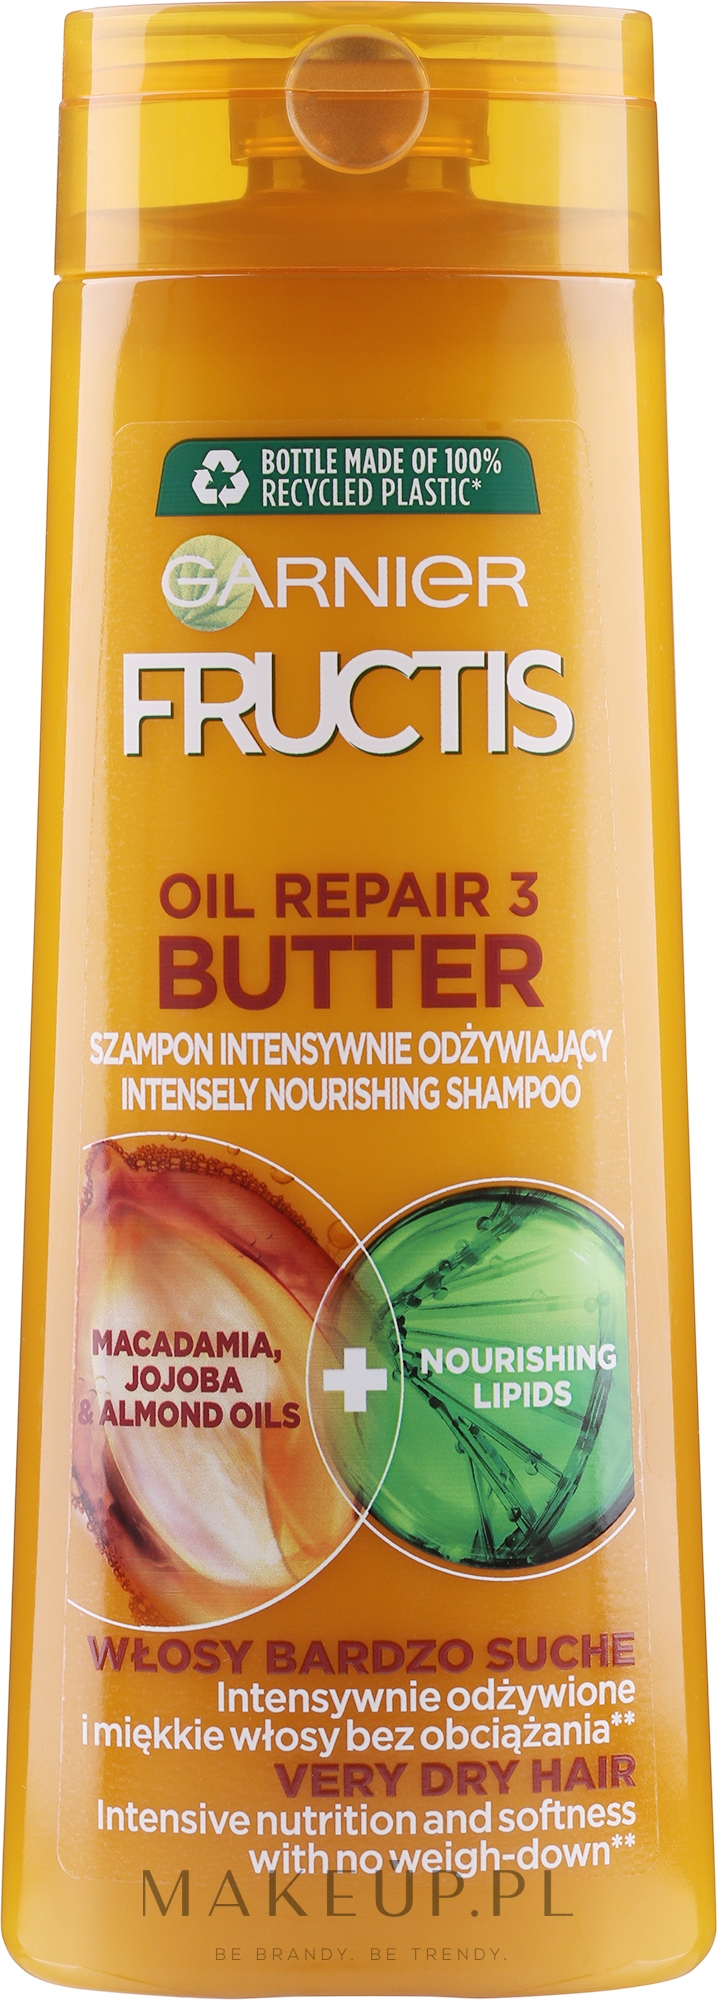 fructis szampon dla zniszczonych włosów
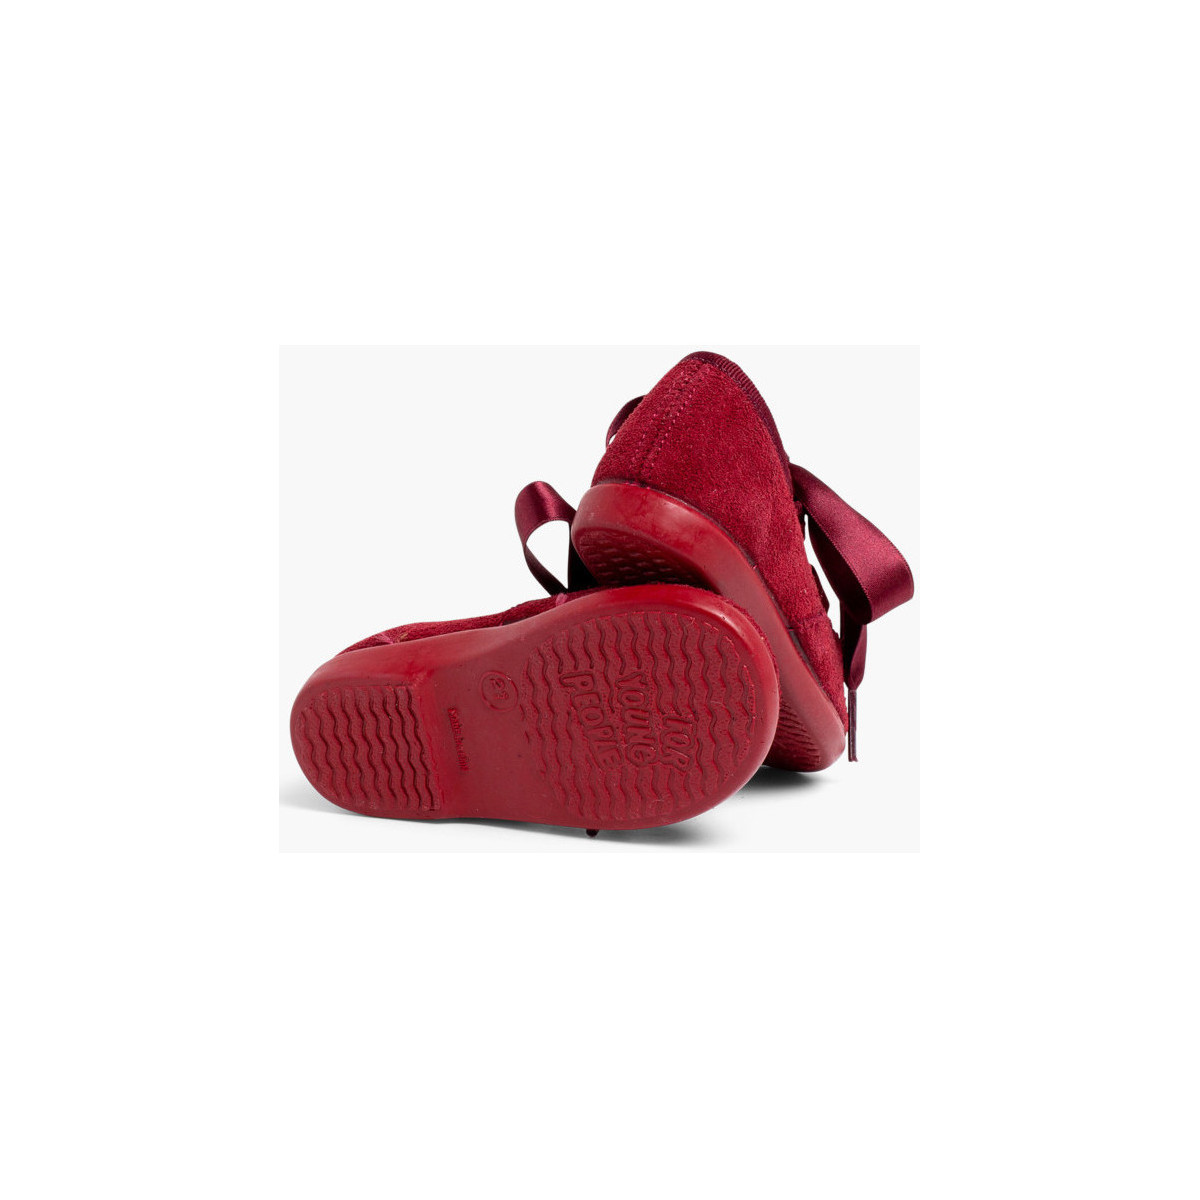 Pisamonas Bordeaux Chaussures anglaises enfants en suède xfS7sM0i
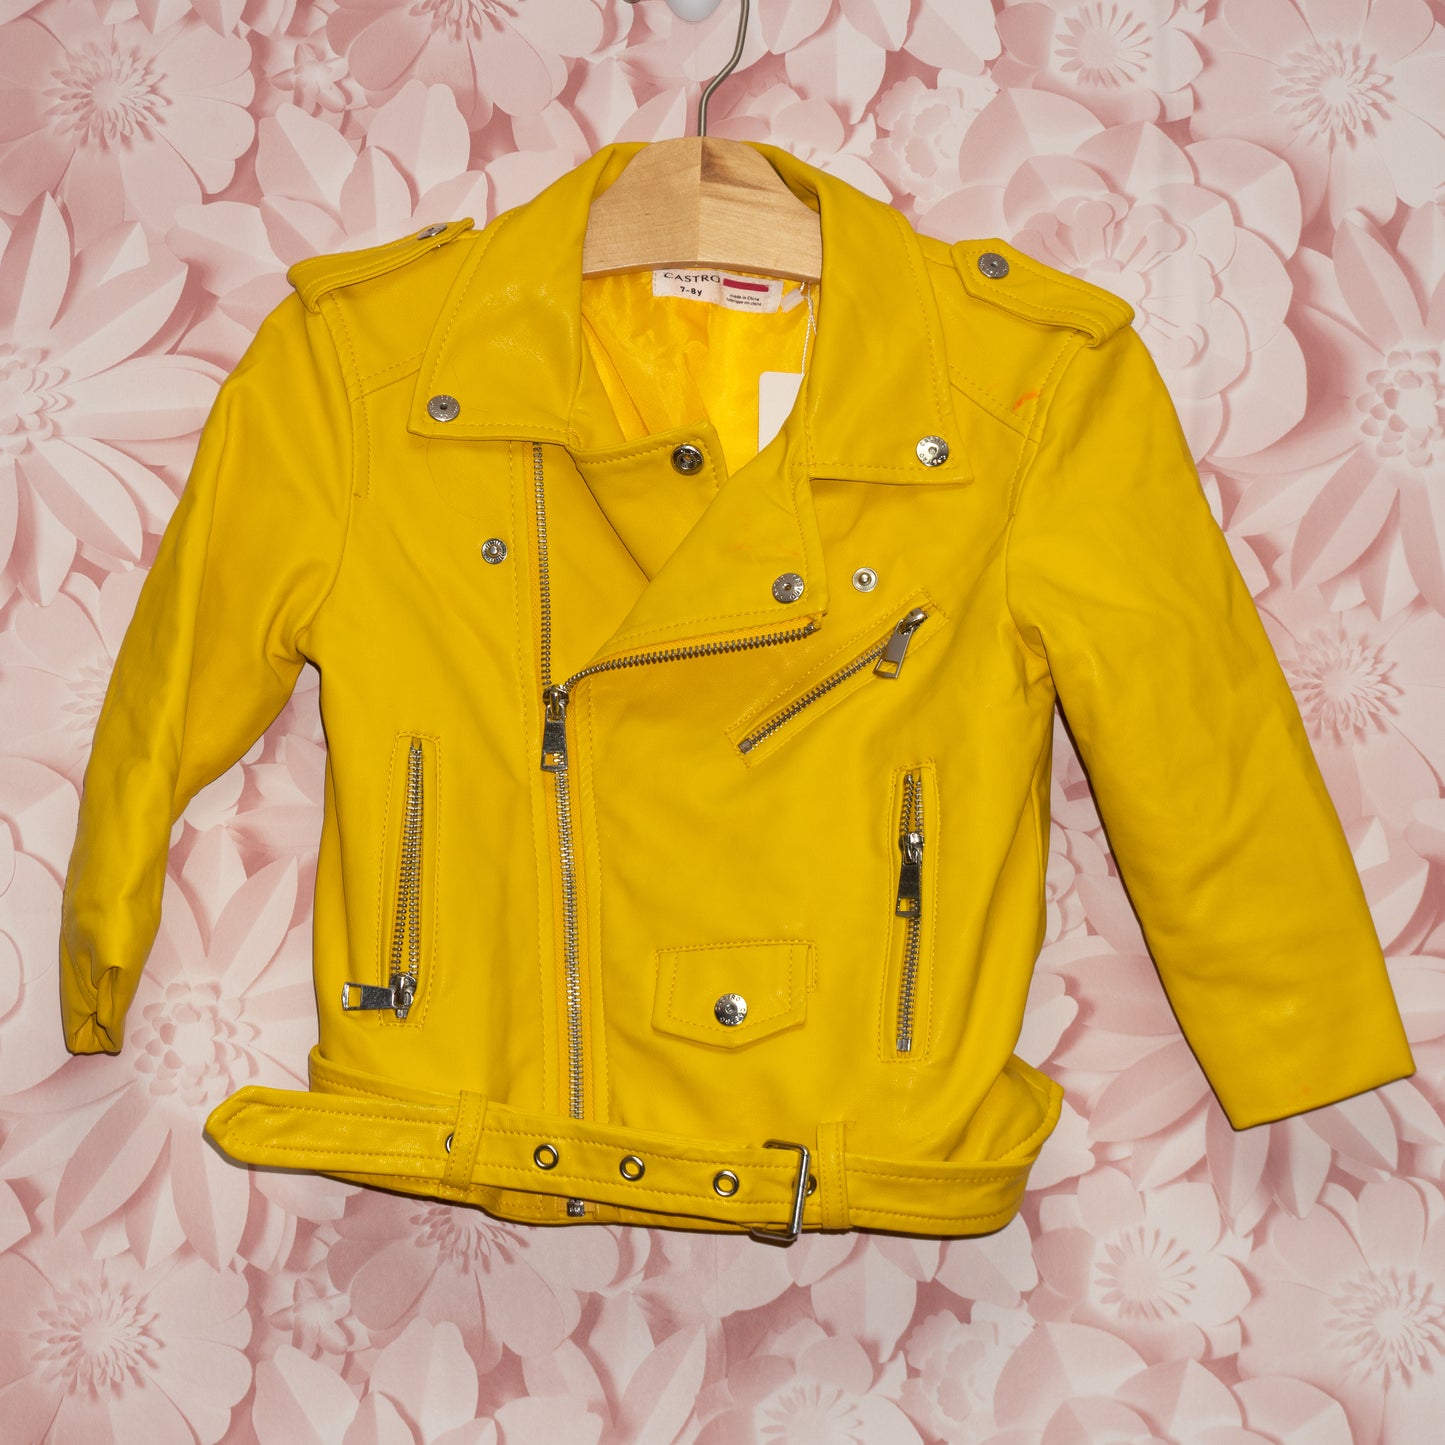 Yellow Jacket Size 7/8y
^^^^
§ AIM OF THE TASK
Keep the pictures out and transcribe the listing exactly.

§ EXERCISE RESULT
 fructis szampon dla zniszczonych włosów
 Pisamonas Bordeaux Chaussures anglaises enfants en suède xfS7sM0i
 Yellow Jacket Size 7/8y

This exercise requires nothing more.